6. The composition of claim 1, further comprising a flavonoid component including at least a flavonol or flavanol that binds to a main protease for the one or more glycosylated pathogens.

7. The composition of claim 6, wherein the at least one flavonoid comprises at least one of kaempferol, quercetin, EGCG, luteolin, cinnamtannin b1, hesperetin, and myricetin.

8. The composition of claim 1 wherein an amount of the lectin component in the composition for a single dose comprises at least one half of 1/7th the amount of a lectin necessary to reach an EC50 level of the lectin and less than 3 times the amount of lectin necessary to reach the EC50 level of the lectin for at least one of the glycosylated pathogens.

9. The composition of claim 8, wherein an amount of the lectin component in the composition for a single dose ranges between 160 μg and 11,675 μg of Allium porrum agglutinin.

10. The composition of claim 1 wherein an amount of the flavonoid component in the composition for a single dose comprises at least one half of one tenth the amount of a flavonoid necessary to reach an IC50 level of the flavonoid and less than 20 times the amount of lectin necessary to reach the IC50 level of the flavonoid for at least one of the glycosylated pathogens.

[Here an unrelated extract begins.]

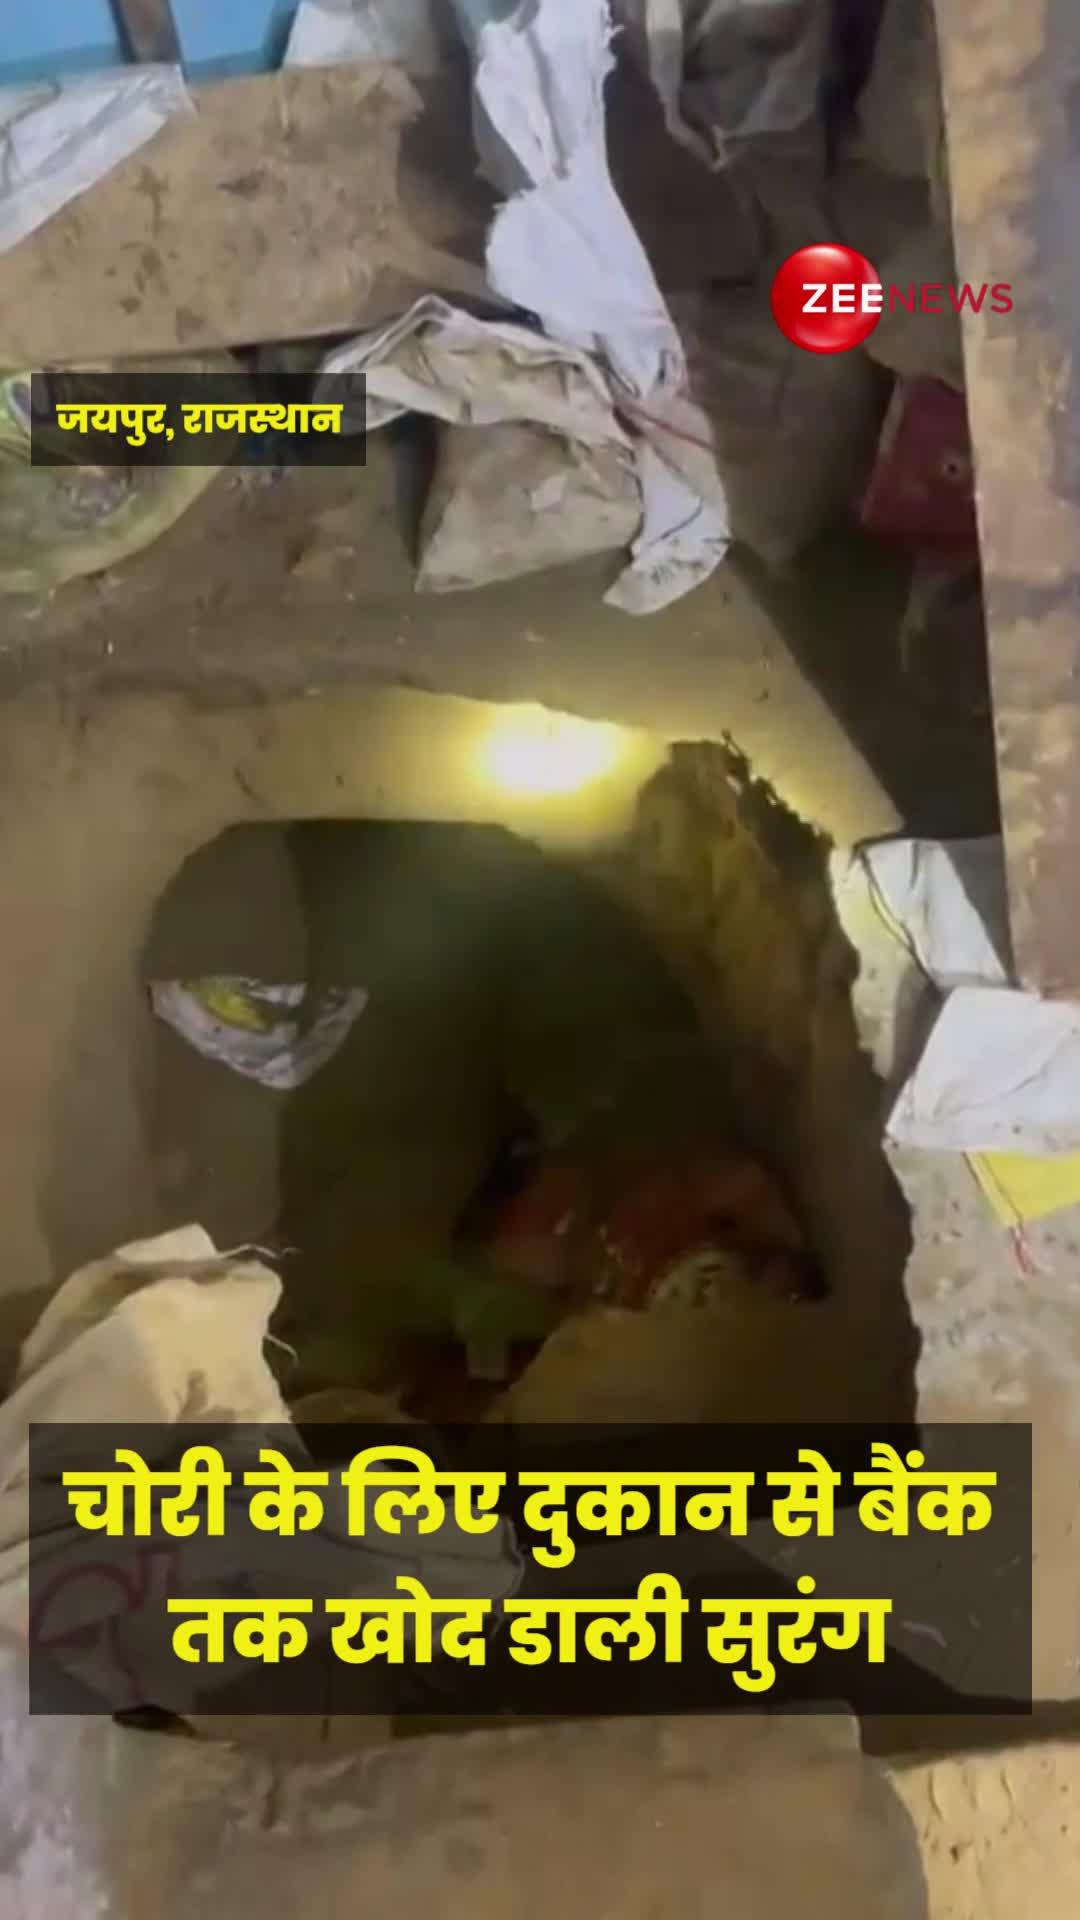 जयपुर: चोरी के लिए दुकान से बैंक तक खोद डाली सुरंग

11. The composition of claim 10, wherein an amount of the flavonoid component in the composition for a single dose includes at least one of:

an amount ranging between approximately 3 mg to approximately 12.2 mg of kaempferol;

an amount ranging between approximately 1 mg to 4 mg of quercetin; and

an amount ranging between approximately 0.19 mg and 756 mg of EGCG.

12. The composition of claim 1, further comprising a supportive component that facilitates binding of the lectin component to the one or more glycosylated pathogens, wherein the support component comprises calcium.

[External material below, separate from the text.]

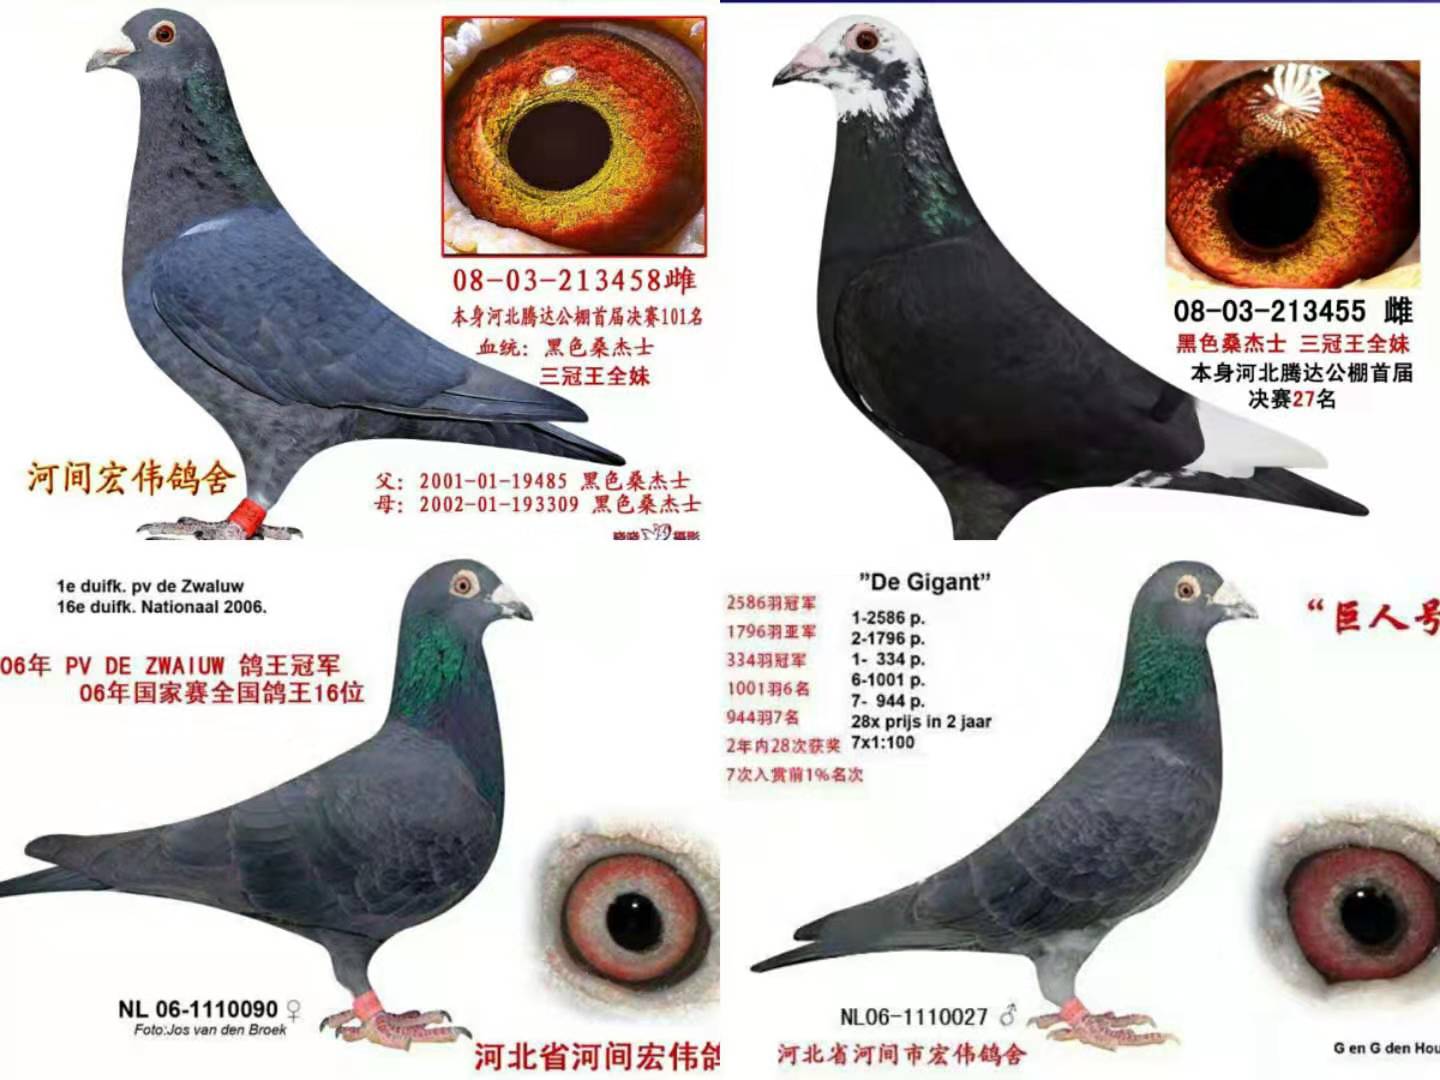 中国黑色桑杰士最具代表性的鸽舍 - 信鸽在线拍卖平台

13. The composition of claim 12, wherein an amount of the supportive component in the composition for a single dose ranges between at least 14.75 mg and 625 mg.

14. The composition of claim 1, wherein the pharmaceutical component comprises saline.

15. A virus-inhibiting amount of a pharmaceutical composition for pattern recognition based targeting and activating an innate immune response, comprising:

a lectin component that binds to one or more glycosylated pathogens and that, upon binding, acts as an opsonin and wherein the lectin component comprises at least one of a manufactured mannose binding lectin and a recombinant mannose binding lectin;

a flavonoid component comprising at least one flavonol or flavanol that inhibits the function of a main protease of the one or more glycosylated pathogens; and

a pharmaceutical component including at least one of a pharmaceutically-acceptable carrier and excipient.

16. The composition of claim 15, wherein the lectin component includes at least one of Allium porrum agglutinin, Urtica dioica agglutinin, Nicotiana tabacum agglutinin, and mistletoe lectin II.

17. The composition of claim 15, wherein the lectin component comprises a first lectin having a trimeric molecular structure and a second lectin having a tetrameric molecular structure, a dimeric molecular structure, or a monomeric molecular structure.

18. The composition of claim 15, wherein the flavonoid component comprises at least one of kaempferol, quercetin, EGCG, luteolin, cinnamtannin b1, hesperetin, and myricetin.

19. A method of treating SARS coronavirus infections, comprising:

obtaining a virus-inhibiting amount of a pharmaceutical composition for molecular pattern recognition based targeting and activating an innate immune response, the composition comprising a lectin component that binds to one or more glycosylated pathogens and that, upon binding, acts as an opsonin, wherein the lectin component includes a therapeutically effective amount of at least one of Allium porrum agglutinin, Urtica dioica agglutinin, Nicotiana tabacum agglutinin, and mistletoe lectin II; and

administering the composition to a subject.

20. The method of claim 19, wherein the pharmaceutical composition further comprises a flavonoid component including at least a flavonol or flavanol that binds to a main protease for the one or more glycosylated pathogens.